Investors' Compensation Scheme Ltd v West Bromwich Building Society, Investors' Compensation Scheme Ltd v Hopkin & Sons (a firm), Alford v West Bromwich Building Society, Armitage v West Bromwich Building Society [1998] 1 All ER 98 applied; Carmichael v National Power plc [1999] 4 All ER 897 applied; Chartbrook Ltd v Persimmon Homes Ltd [2009] All ER (D) 12 (Jul) applied.
(2) If the exercise of the option were to entitle the grantee to no more than a cash payment calculated by reference to values prevailing at the end of the option period, there would be no point in exercising the option before that time. Moreover, exercise of the option entitled the grantee of the option to a payment calculated by reference to a LIFFE or MATIF futures contract. Much of the value of a futures contract lay in the ability to trade it well before the delivery date of the underlying commodity. In those circumstances, exercise of the option entitled the grantee to an immediate cash payment based on the value of an equivalent LIFFE or MATIF futures contract (see [14] of the judgment).
(3) The subject matter of the contracts in the instant case was not such that it displaced the general position or general inference that if the contract did not say that something was to happen, then nothing was to happen. The suggested term should not be implied. Moreover, on the facts, the liquidator was not compelled to treat option holders as if they had exercised their options at the date of the expiry of the option period, but should proceed on the basis of giving effect to creditors' legal rights (see [18], [24] of the judgment)
A-G of Belize v Belize Telecom Ltd [2009] All ER (D) 150 (Apr) applied; Condon, Re, ex p James [1874-80] All ER Rep 388 considered.

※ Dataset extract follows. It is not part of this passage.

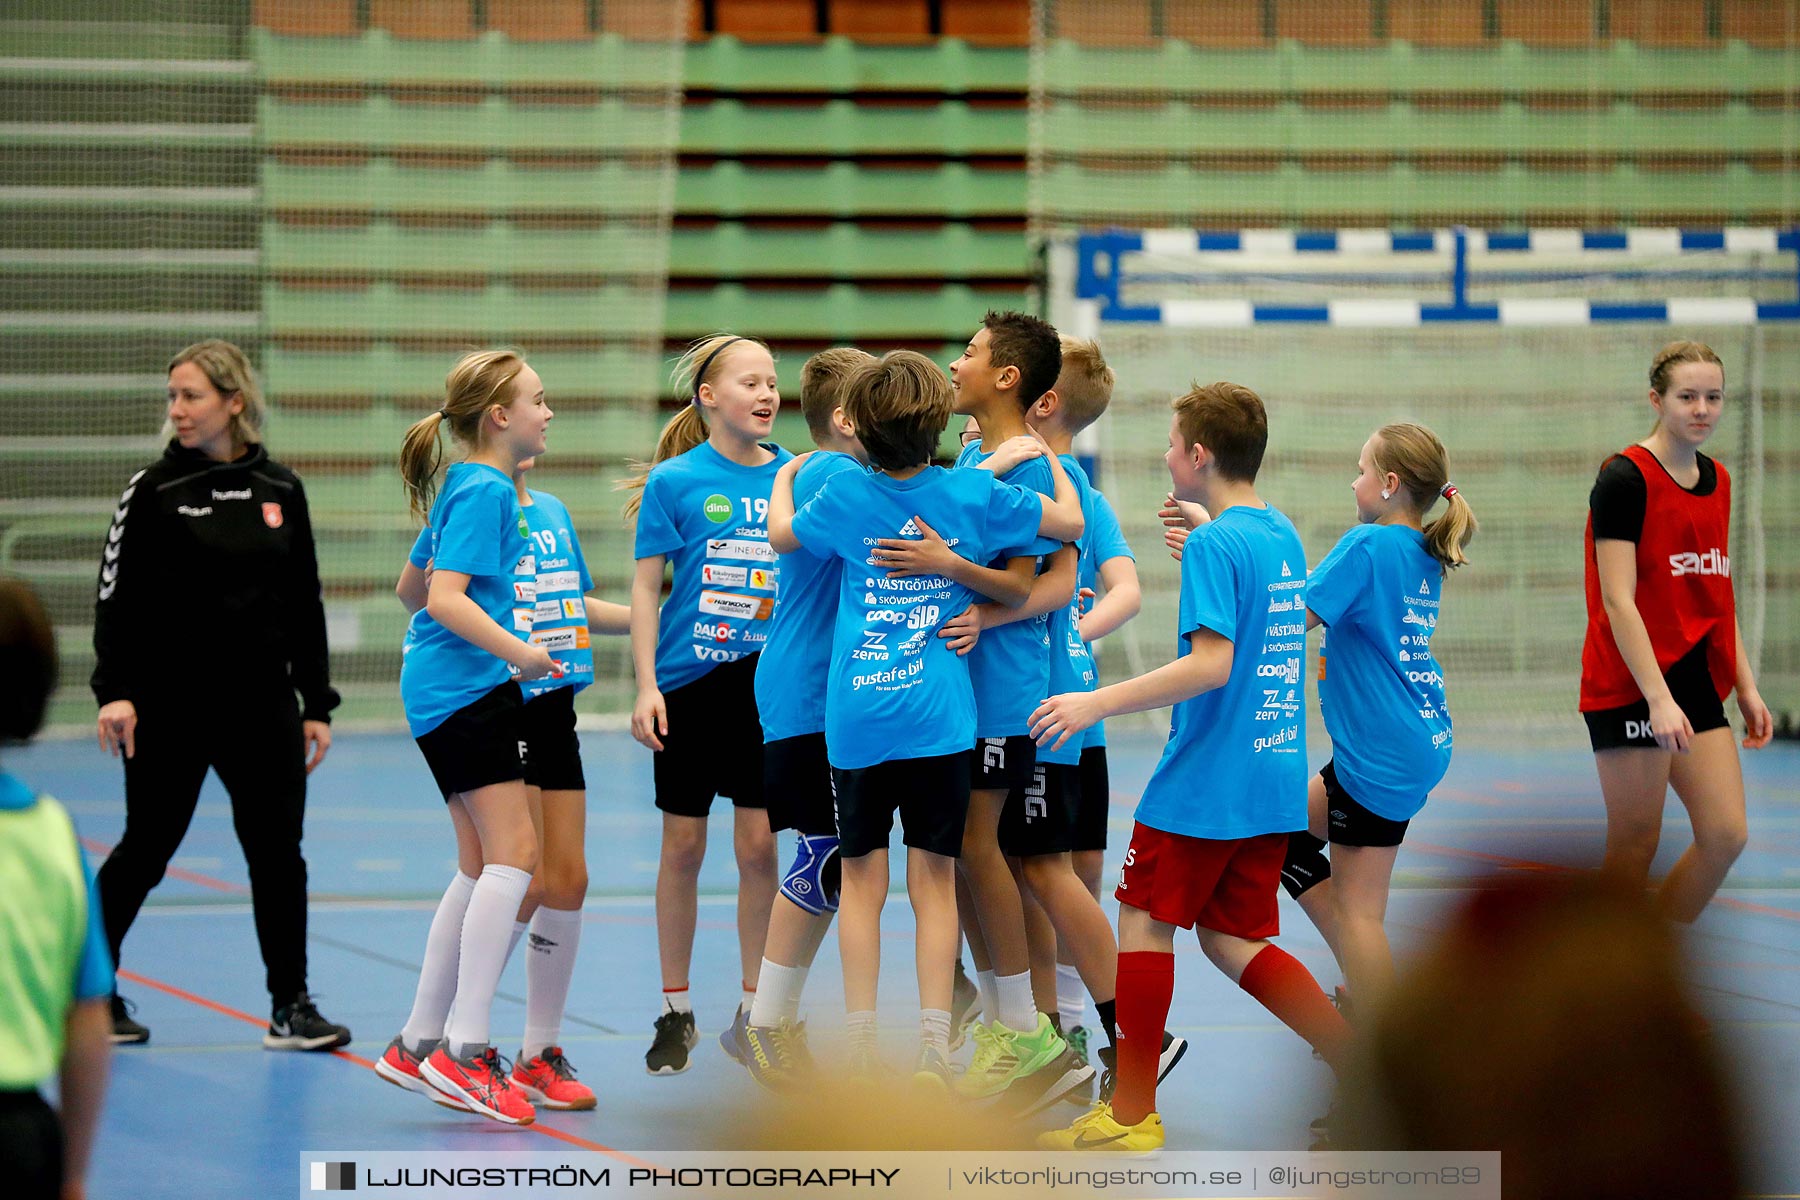 Klasshandboll Skövde 2019 Åldersklass 2008,mix,Arena Skövde,Skövde,Sverige,Handboll,,2019,211772

(4) There was no justification for advancing the valuation date. If any of the option holders had wanted to exercise their options once the company went into administration, they had been free to do so. There was therefore no need to deem the options to have been exercised. Moreover, one of the purposes of administration was to rescue the company as a going concern. If the market were rising when the company entered administration, some option holders might have preferred to hang on and wait and see whether the company made a successful exit from administration. Those who had wanted to crystallise their claims and seek an alternative hedge elsewhere had only to exercise their options. Accordingly, claims had to be valued at the commencement of the liquidation (see [28] of the judgment).
In re Global Trader Europe Ltd (in liq) (No 2); Milner v Crawford-Brunt [2009 Bus LR 1327 considered.